The problem with this design is that while it would theoretically be great for a sparse tree (which is what our hashmap would likely represent), the implementation is actually not realistically realizable in hardware. Since you can’t “allocate” a BRAM in realtime, every pointer in each of the BRAMs must have hardware backing, so every pointer must point to a dedicated BRAM. A back of the envelope calculation tells us that if we used integers to index, we would need 2^64 BRAMs to implement this design. Note: This would require 8.5 *(10**16) Ultra96s to implement..

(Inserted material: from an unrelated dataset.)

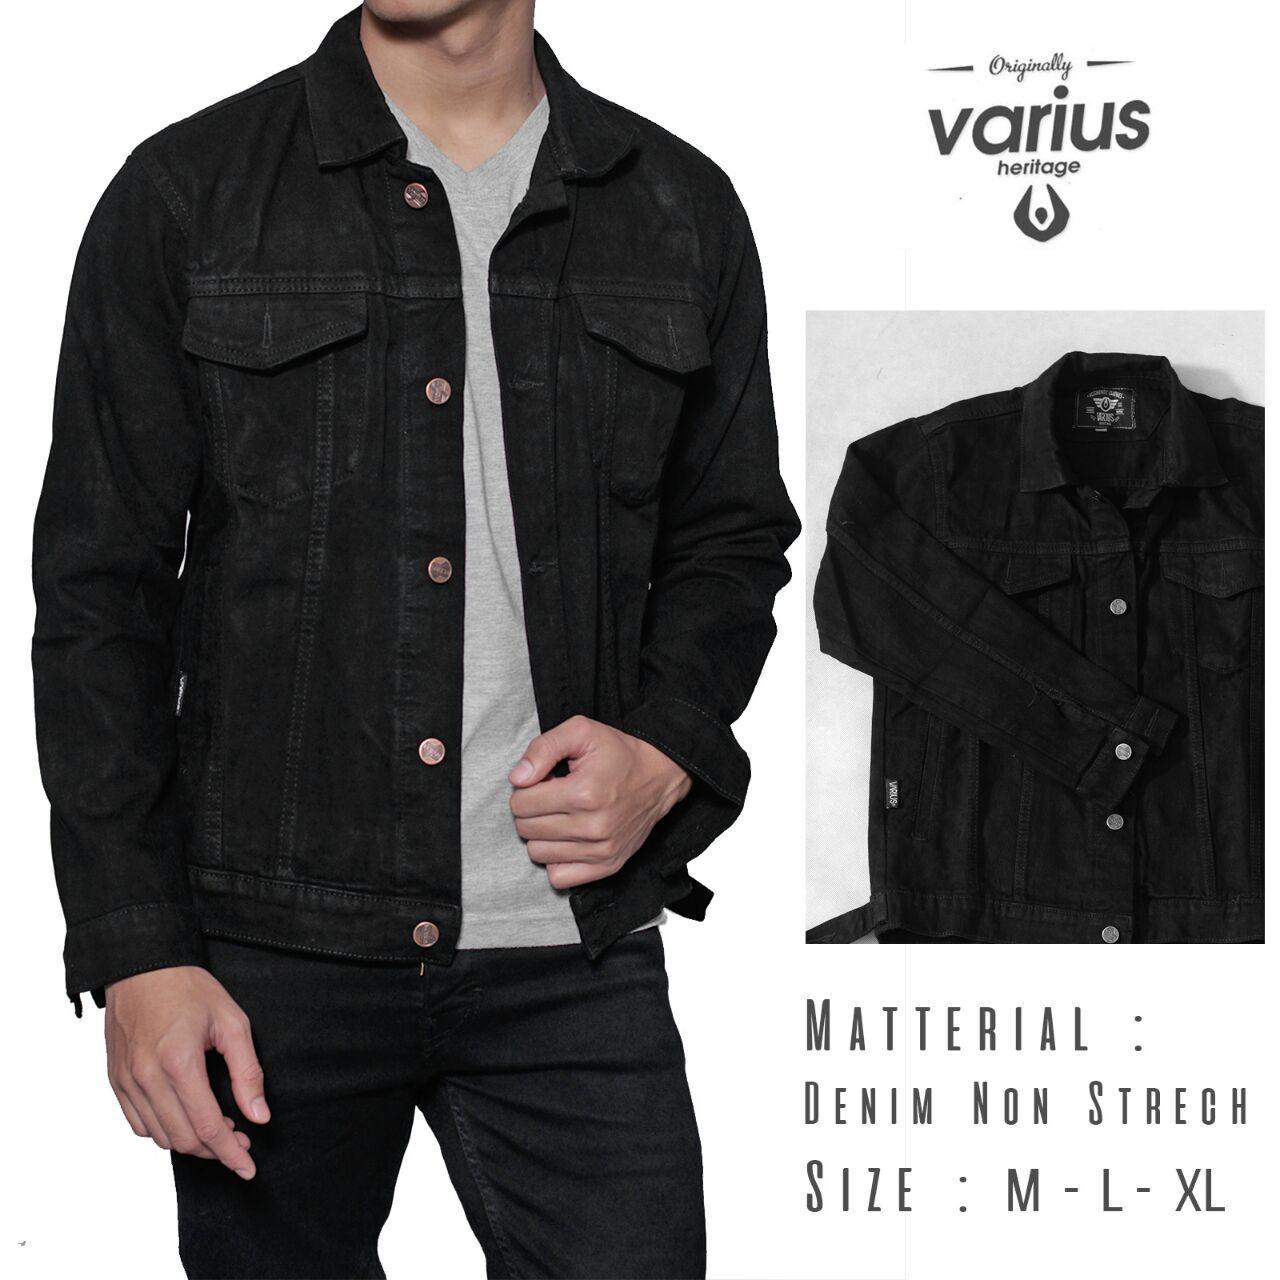 Jaket jeans original / jaket jeans premium / jaket jeans pria / jaket jeans / jaket

Instead, we realized that we would need to implement some restrictions in order to feasibly implement the kernel. Our first idea was to figure out the realistic range of both the (X,Y,Z) points and the number of neighbors within a hash bucket. For the first part, we figured that this was important in that we could choose to restrict the simulated fluids into a “simulation window,” where every point that falls out of this window is removed from the simulator task. This also has the effect of reducing the address space we need to support for (X,Y,Z). If this value is small enough, then we could create a unique hash that can fit within 32 bits just by bit-shifting the (X, Y, Z). For the second part, we want to figure out a resonable upper limit for neighbors so that we can determine how wide the BRAM needs to be in order to store a list of all the neighbor pointers. As a side note, we note that with a simulation size of 512 particles, we can uniquely address each of the particles using a 9 bit address. We will need to investigate how we can efficiently pack this as a struct in the neighbor array in a way that works with the C++ for Vitis HLS.
As for next week, we will continue rewriting the C++ to allow for Vitis HLS compilation of the fluid simulation kernel.